Shiri Mordechay explores an anthropomorphic society filled with embattled figures, animals and natural forces, a journey through the mind. Jerry Saltz wrote, in his review of Mordechay's 2008 exhibition "Shiri Mordechay gives us a topsy-turvy world of mundane and mad images…It's Charles Adams meets Edgar Allen Poe meets Animal Planet. Mordechay never allows us to look at any one thing; chaos and tumult reign”. Using ink, acrylic, wire and paper, Mordechay creates chaotic installations through cutting and reassembling.
With a profound debt to the world-building language of Dungeons & Dragons and the fantasy/science fiction genres, Jeffrey Beebe has been obsessively drawing and writing out his world of Refractoria—a comprehensive imagino-ordinary world that is equal parts autobiography and pure fantasy—for the last fifteen years. He lives a cloistered, studio-bound life fixating on the creation of his monomaniacal maps, diagrams, genealogical charts, portraits, and other pseudo-archival ephemera. Creating parallel universes filled with fantastical characters, unusual beasts, and alternative terrains, Beebe repackages the past and contextualizes a life.
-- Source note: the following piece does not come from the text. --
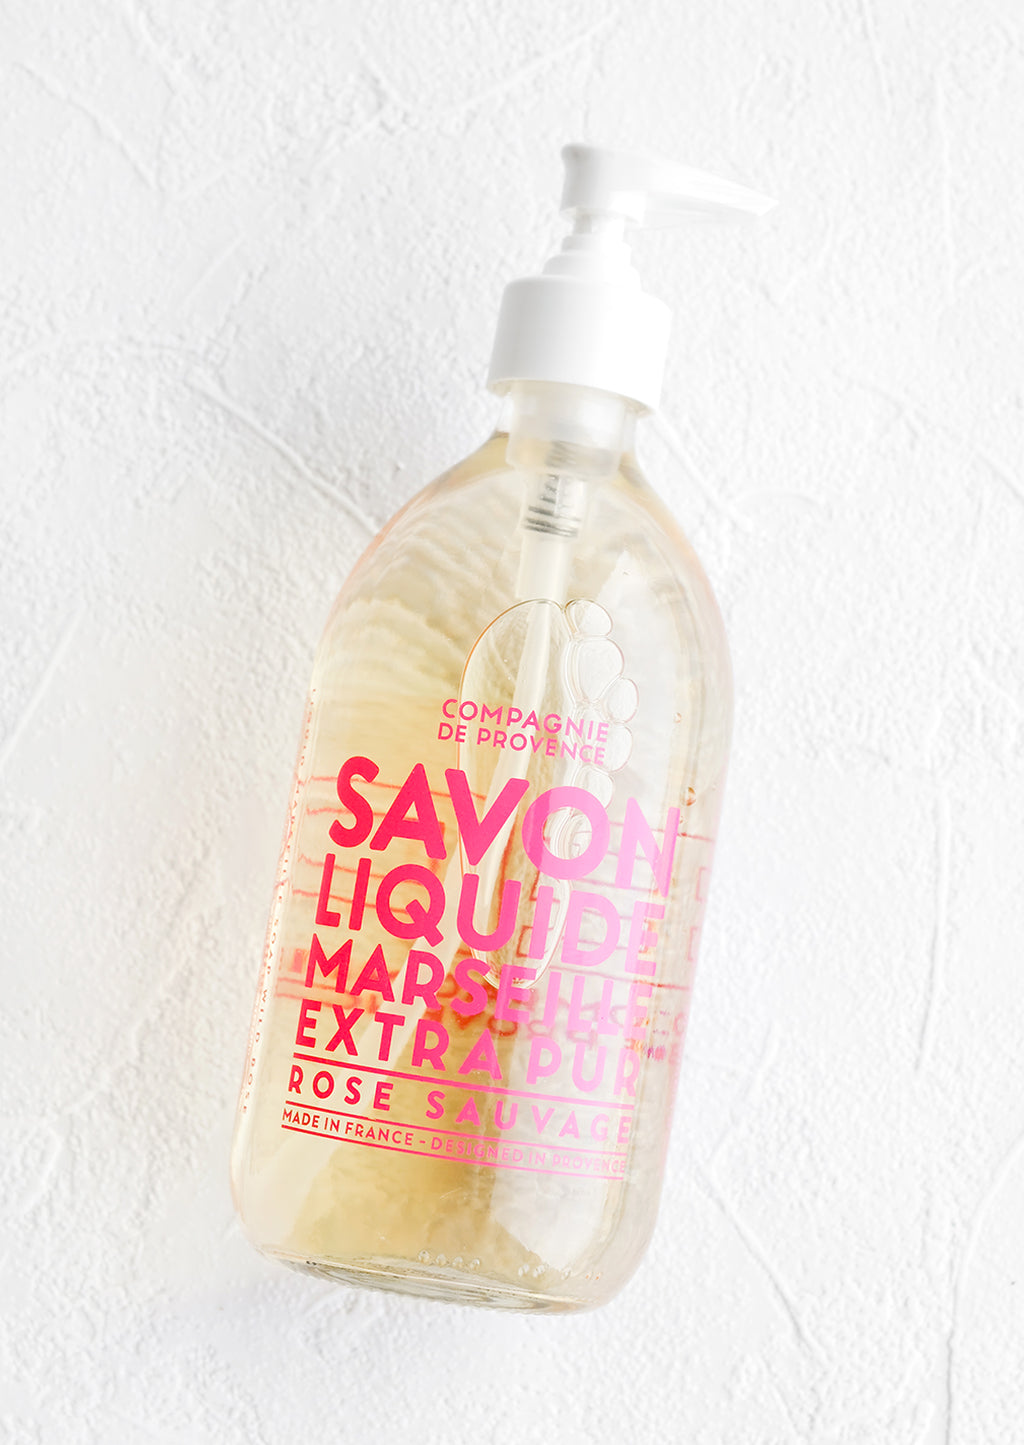 Wild Rose: A clear glass soap bottle with bold pink text printed on bottle

Whereas both Mordechay and Beebe give a nod to the work of Hieronymus Bosch, and depict a strange epic journey, Amanda Mathis’ work is an exploration of thoughts on dwelling and personal narrative. She explores notions of home and memory through the use of architectural imagery, and salvaged materials. Her work evokes a home that has been unearthed, picked apart, spliced together or turned upside down. Blurring the boundaries, her works at once appear comforting, familiar and domestic and on the other hand disconcerting and warped. Is the home a place you really want to be? For her site-specific installations, she will use salvaged carpets, wallpaper remnants, bits of molding and furniture.